Benson G
Department of Biomathematical Sciences, Mount Sinai School of Medicine, New York, NY 10029-6574, USA.
Nucleic Acids Res. 1999 Jan 15;27(2):573-80. doi: 10.1093/nar/27.2.573.
A tandem repeat in DNA is two or more contiguous, approximate copies of a pattern of nucleotides. Tandem repeats have been shown to cause human disease, may play a variety of regulatory and evolutionary roles and are important laboratory and analytic tools. Extensive knowledge about pattern size, copy number, mutational history, etc. for tandem repeats has been limited by the inability to easily detect them in genomic sequence data. In this paper, we present a new algorithm for finding tandem repeats which works without the need to specify either the pattern or pattern size. We model tandem repeats by percent identity and frequency of indels between adjacent pattern copies and use statistically based recognition criteria. We demonstrate the algorithm's speed and its ability to detect tandem repeats that have undergone extensive mutational change by analyzing four sequences: the human frataxin gene, the human beta T cellreceptor locus sequence and two yeast chromosomes. These sequences range in size from 3 kb up to 700 kb. A World Wide Web server interface atc3.biomath.mssm.edu/trf.html has been established for automated use of the program.
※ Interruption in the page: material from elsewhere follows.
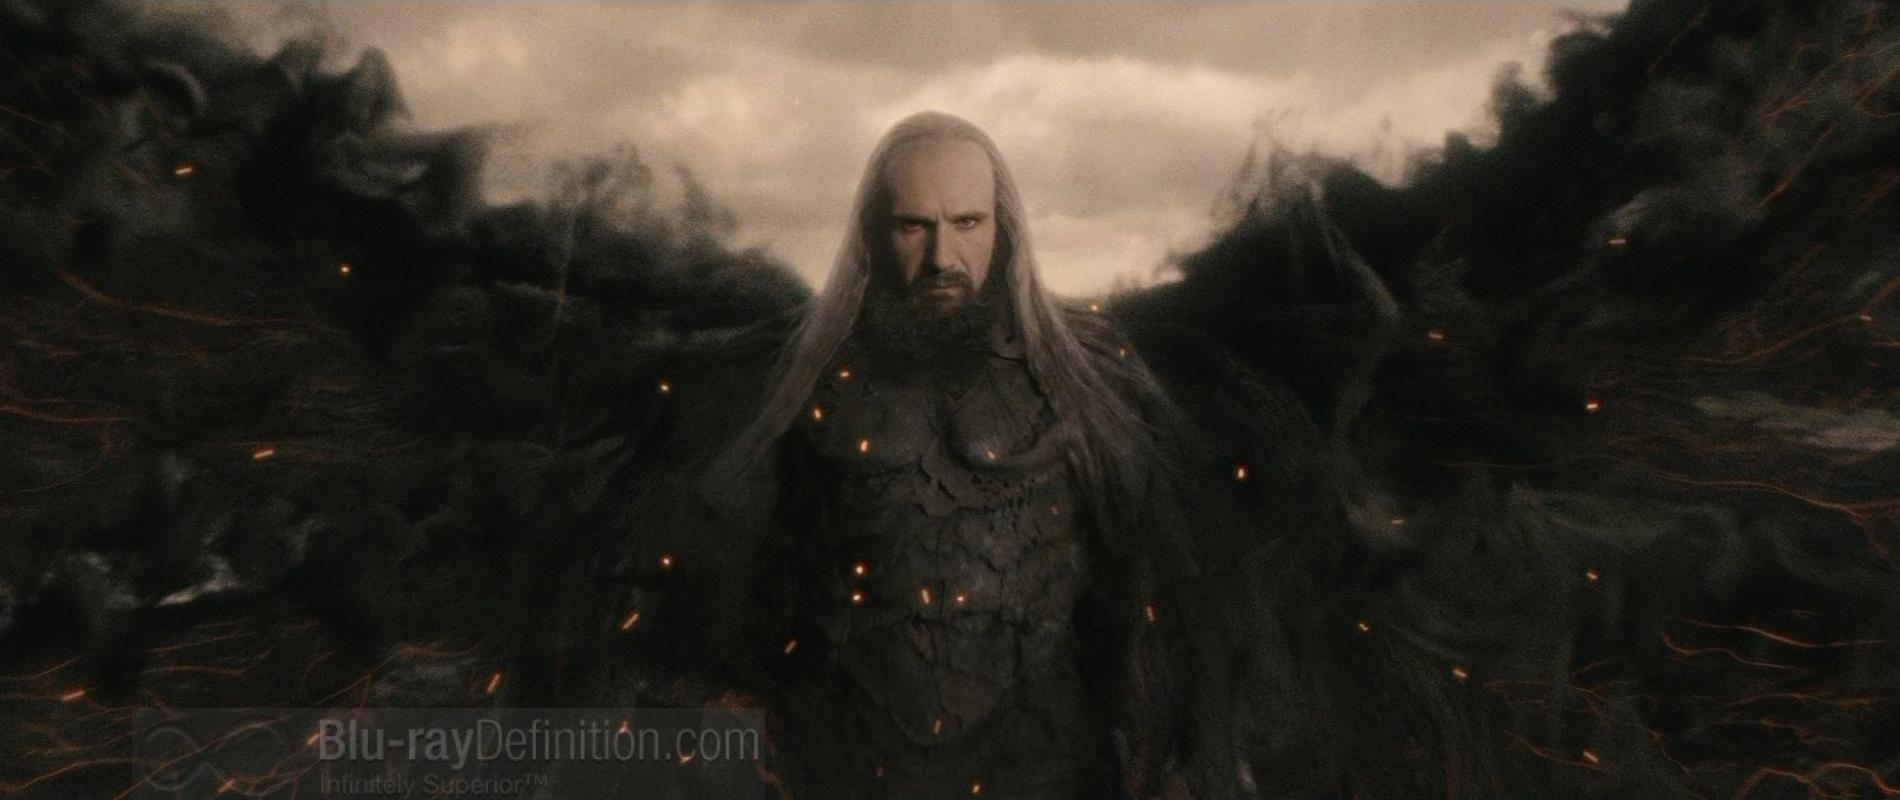 Hades (Clash of the Titans) - Villains Wiki - villains ...

DNA中的串联重复是指核苷酸模式的两个或更多个相邻的、近似的拷贝。串联重复已被证明会导致人类疾病,可能发挥多种调节和进化作用,并且是重要的实验室和分析工具。由于无法在基因组序列数据中轻松检测到串联重复,关于其模式大小、拷贝数、突变历史等方面的广泛知识一直受到限制。在本文中,我们提出了一种用于寻找串联重复的新算法,该算法无需指定模式或模式大小即可运行。我们通过相邻模式拷贝之间的同一性百分比和插入缺失频率对串联重复进行建模,并使用基于统计的识别标准。通过分析四条序列:人类铁调素基因、人类β T细胞受体基因座序列和两条酵母染色体,我们证明了该算法的速度以及检测经历了广泛突变变化的串联重复的能力。这些序列的大小从3 kb到700 kb不等。已在c3.biomath.mssm.edu/trf.html建立了一个万维网服务器界面,以便自动使用该程序。